## Raw data:

* * * *

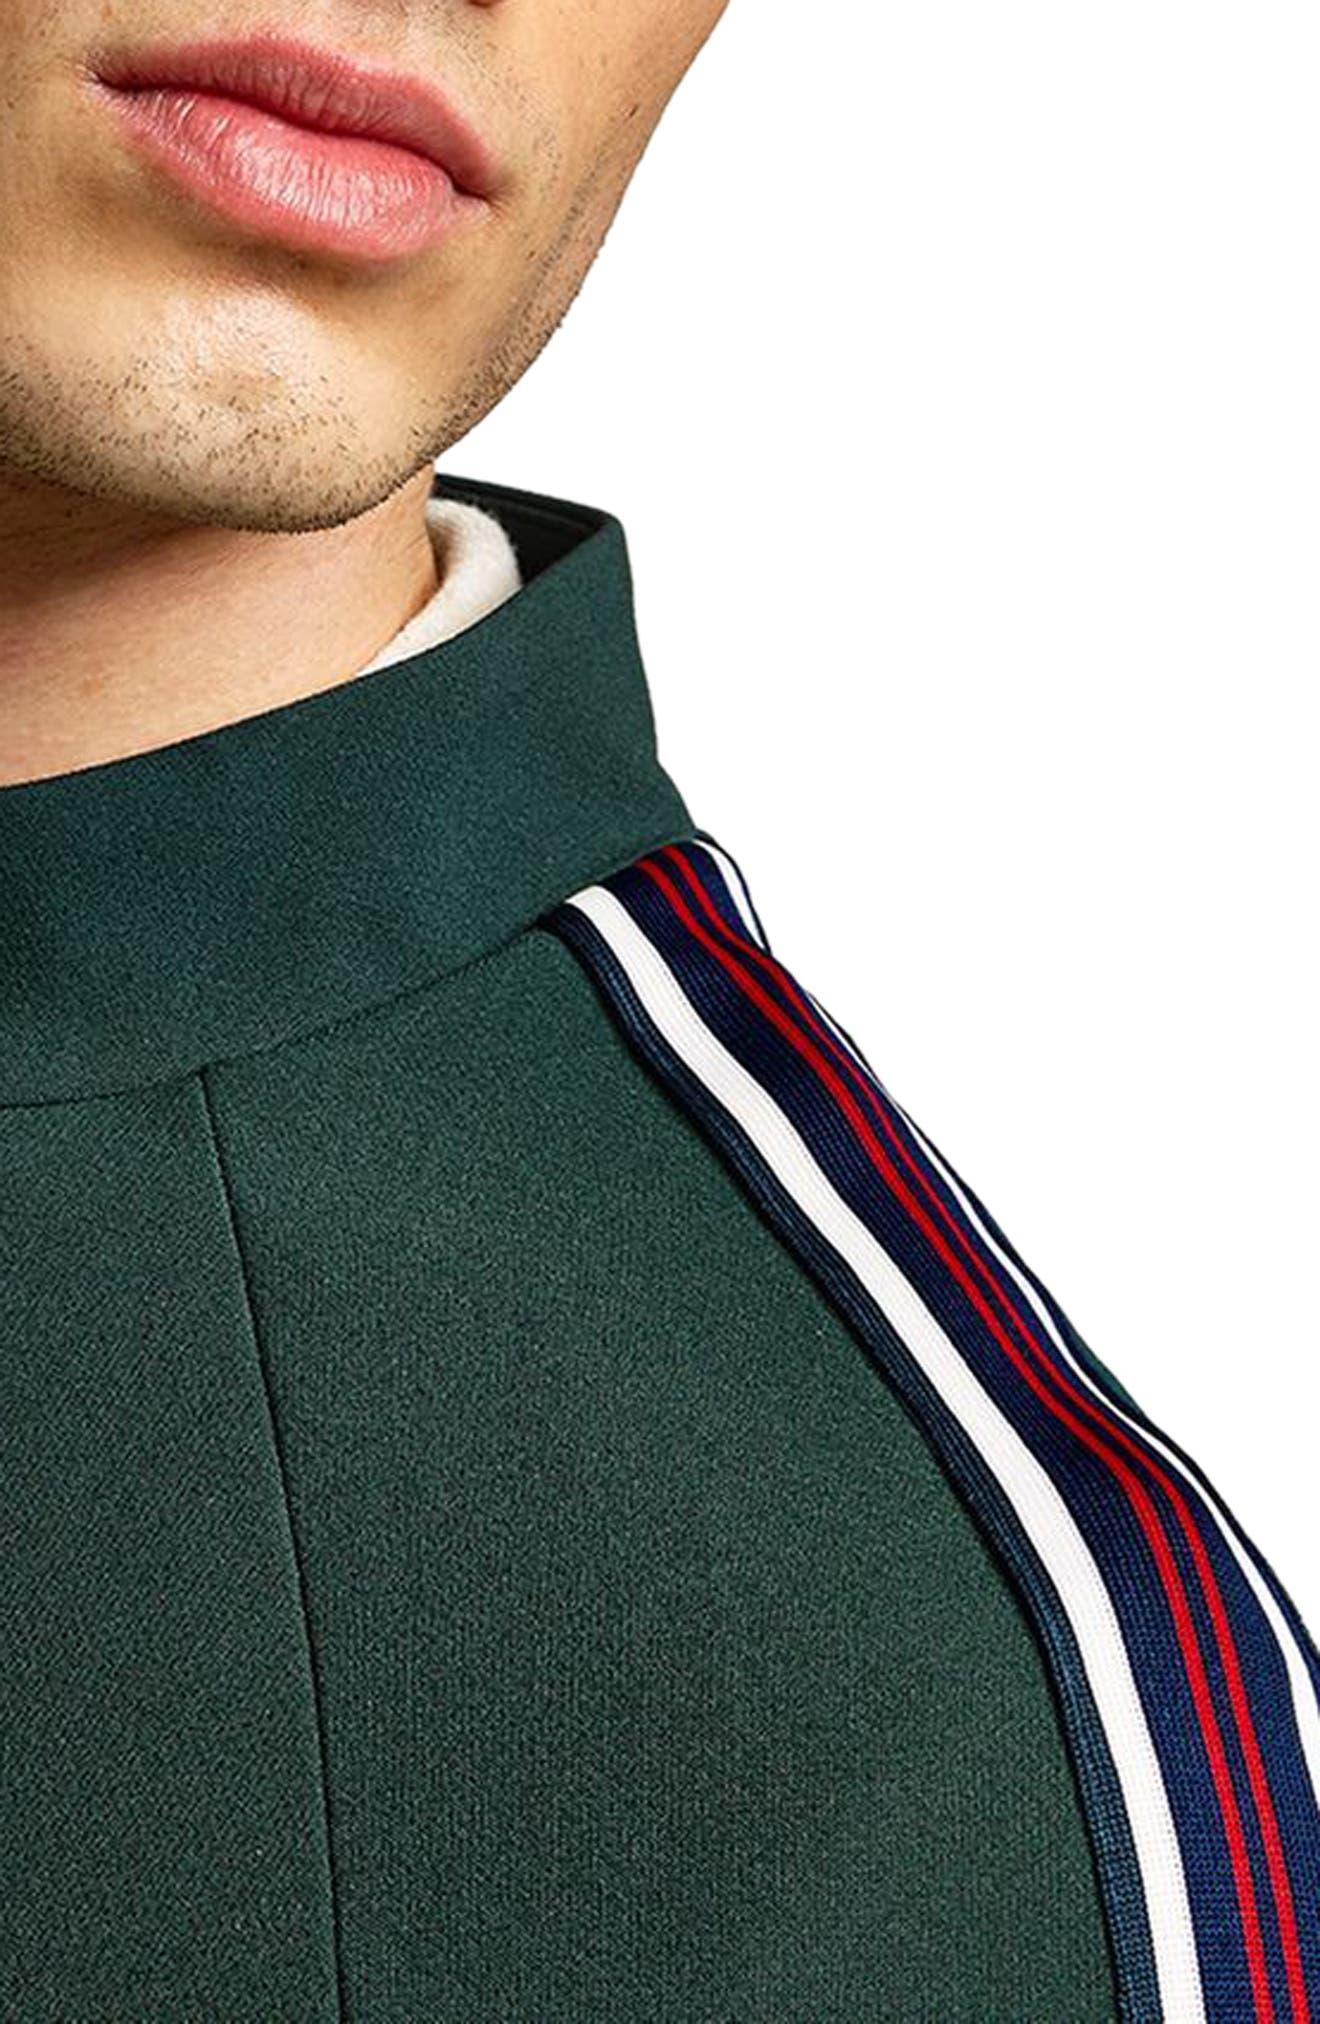 Track Jacket,                             Alternate thumbnail 3, color,                             GREEN MULTI
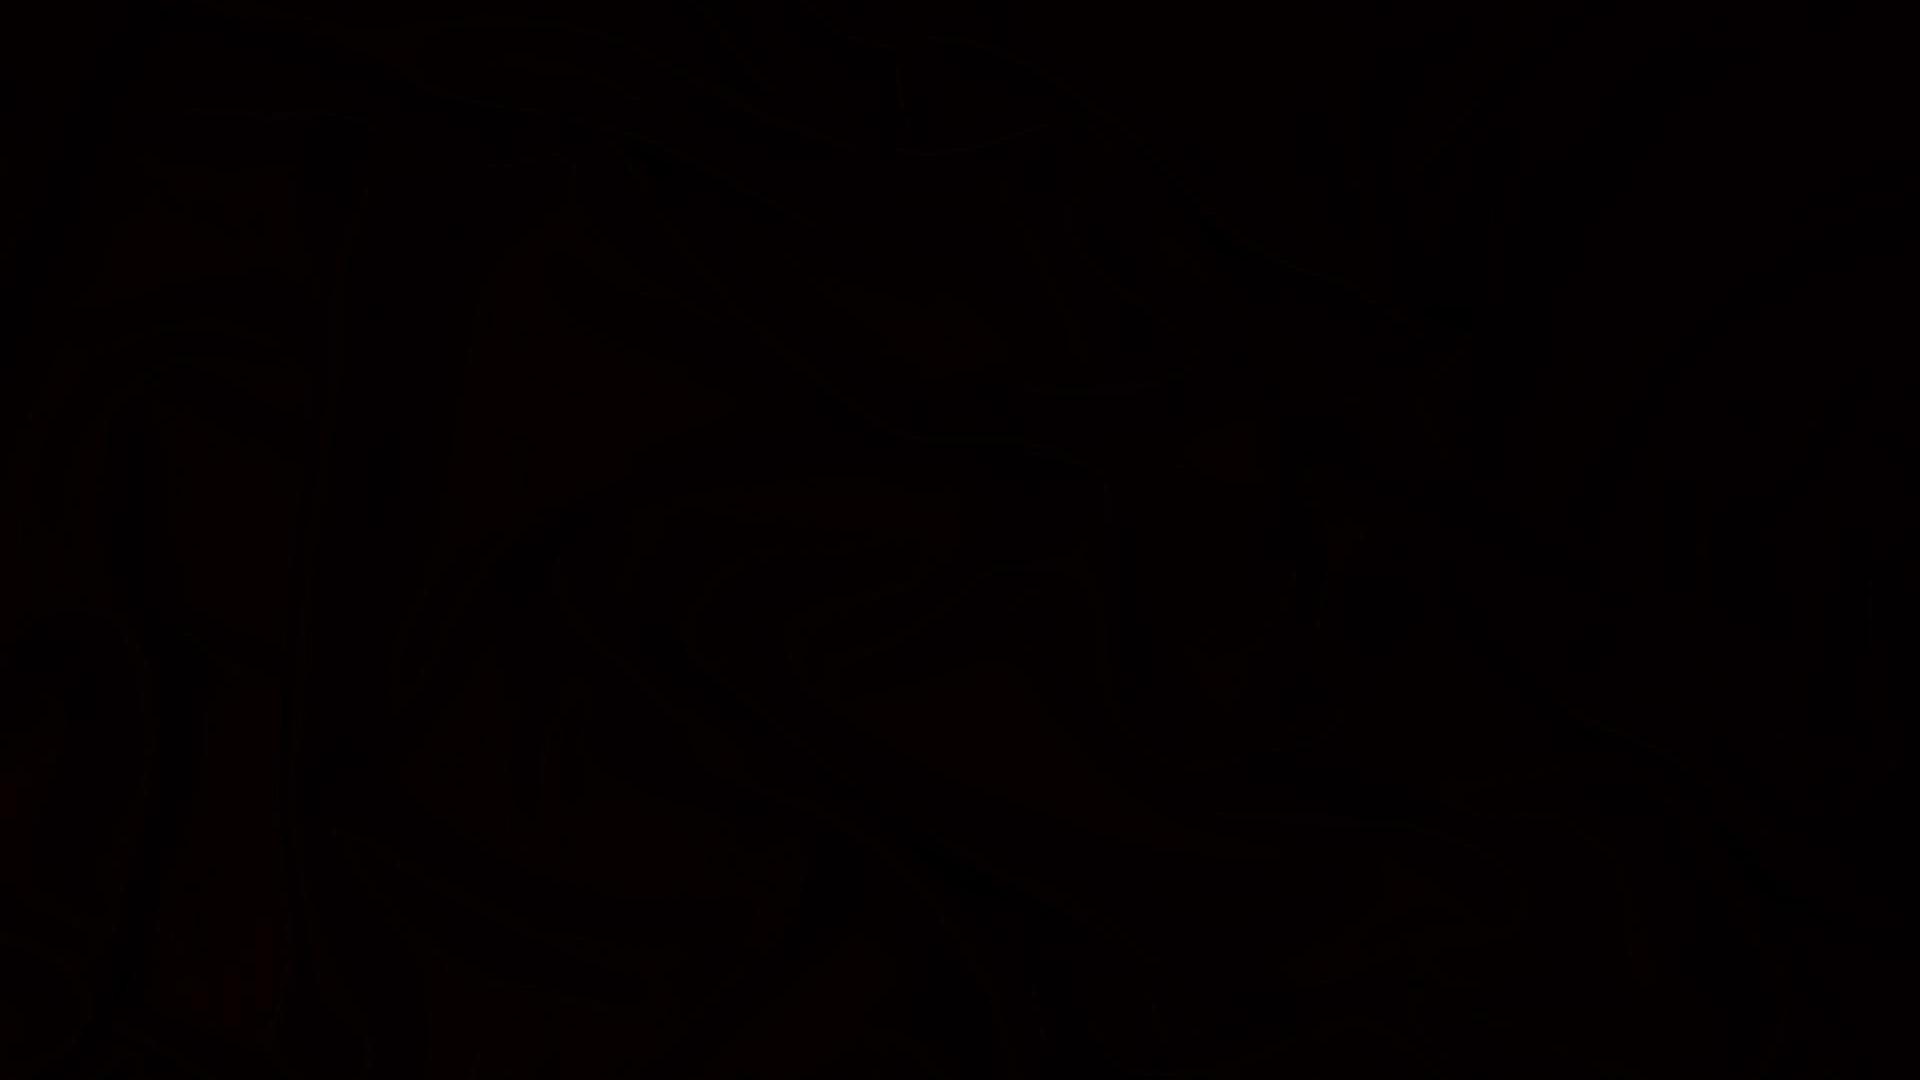 Best Hd Dark Wallpapers Pure Black Wallpaper 66 Images
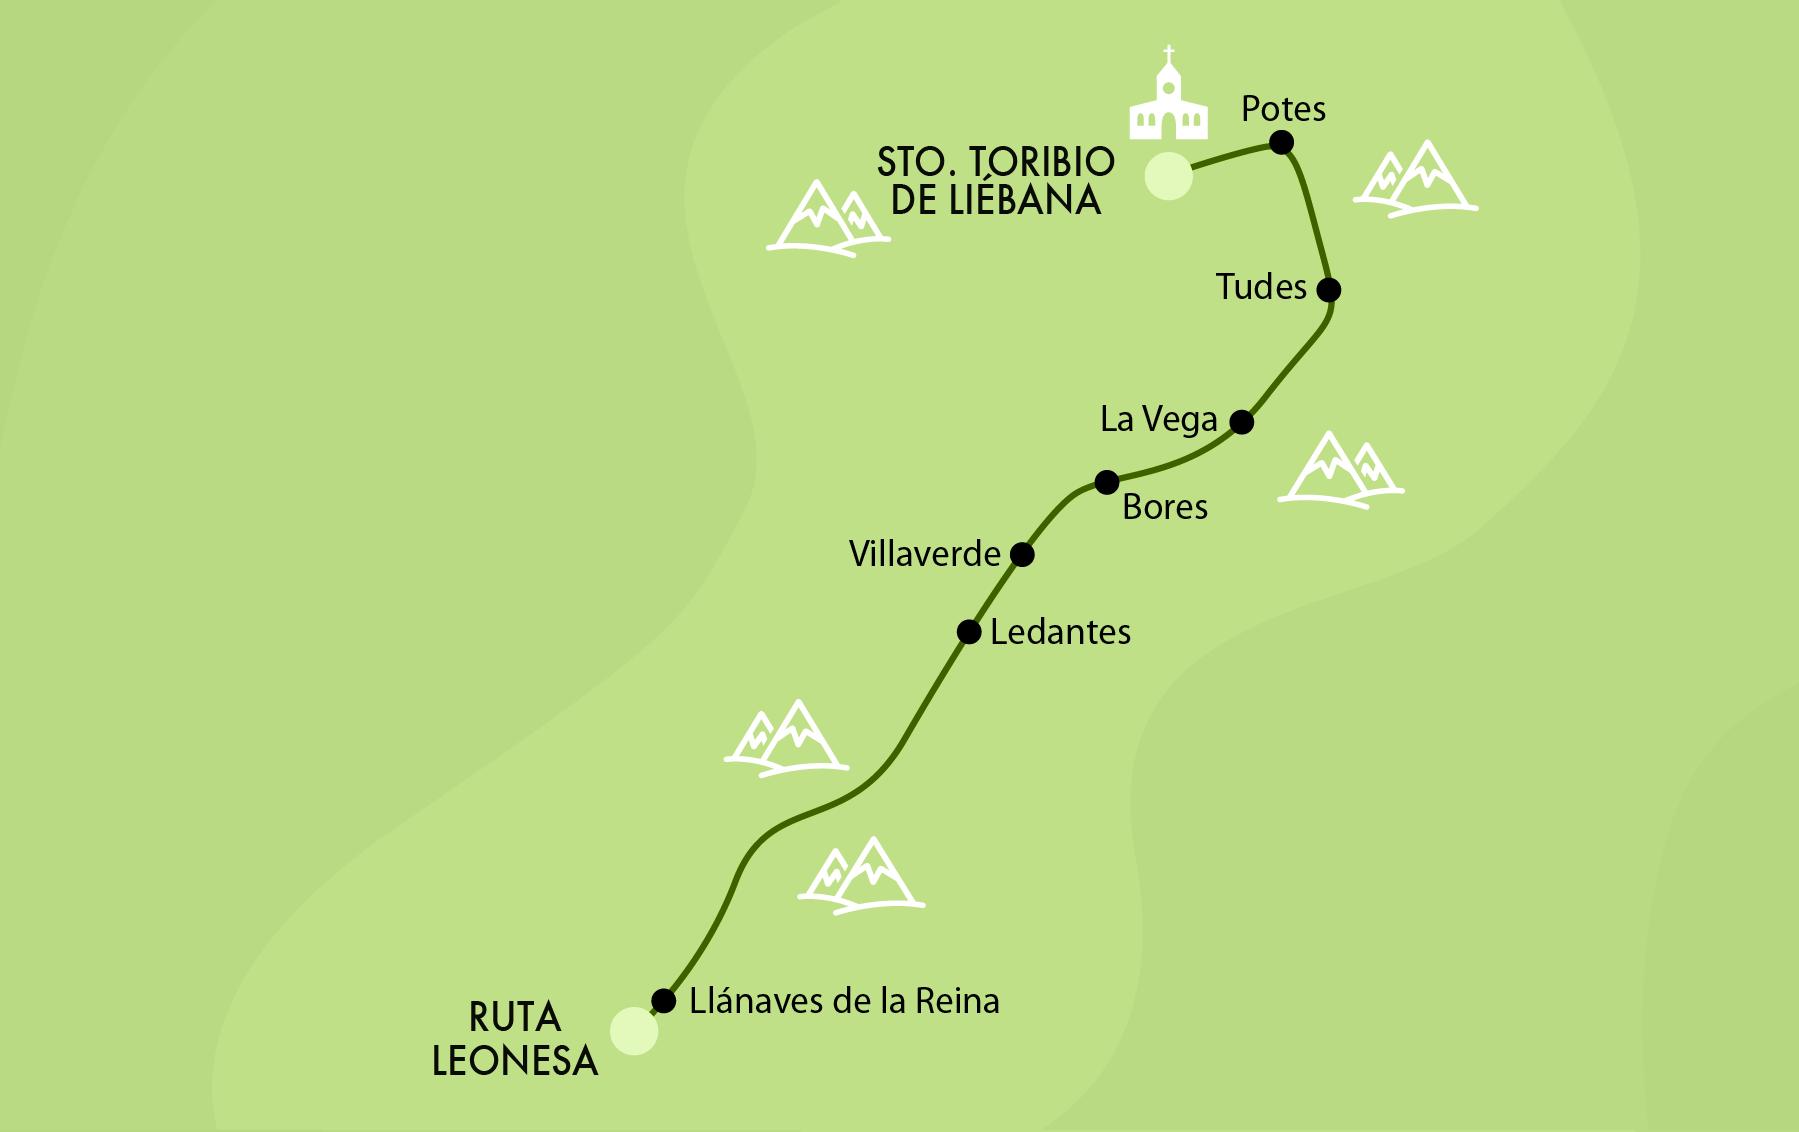 ruta leonesa

* * * *

All of the material is to be reproduced verbatim, pictures excluded.

 Track Jacket,                             Alternate thumbnail 3, color,                             GREEN MULTI
 Best Hd Dark Wallpapers Pure Black Wallpaper 66 Images
 ruta leonesa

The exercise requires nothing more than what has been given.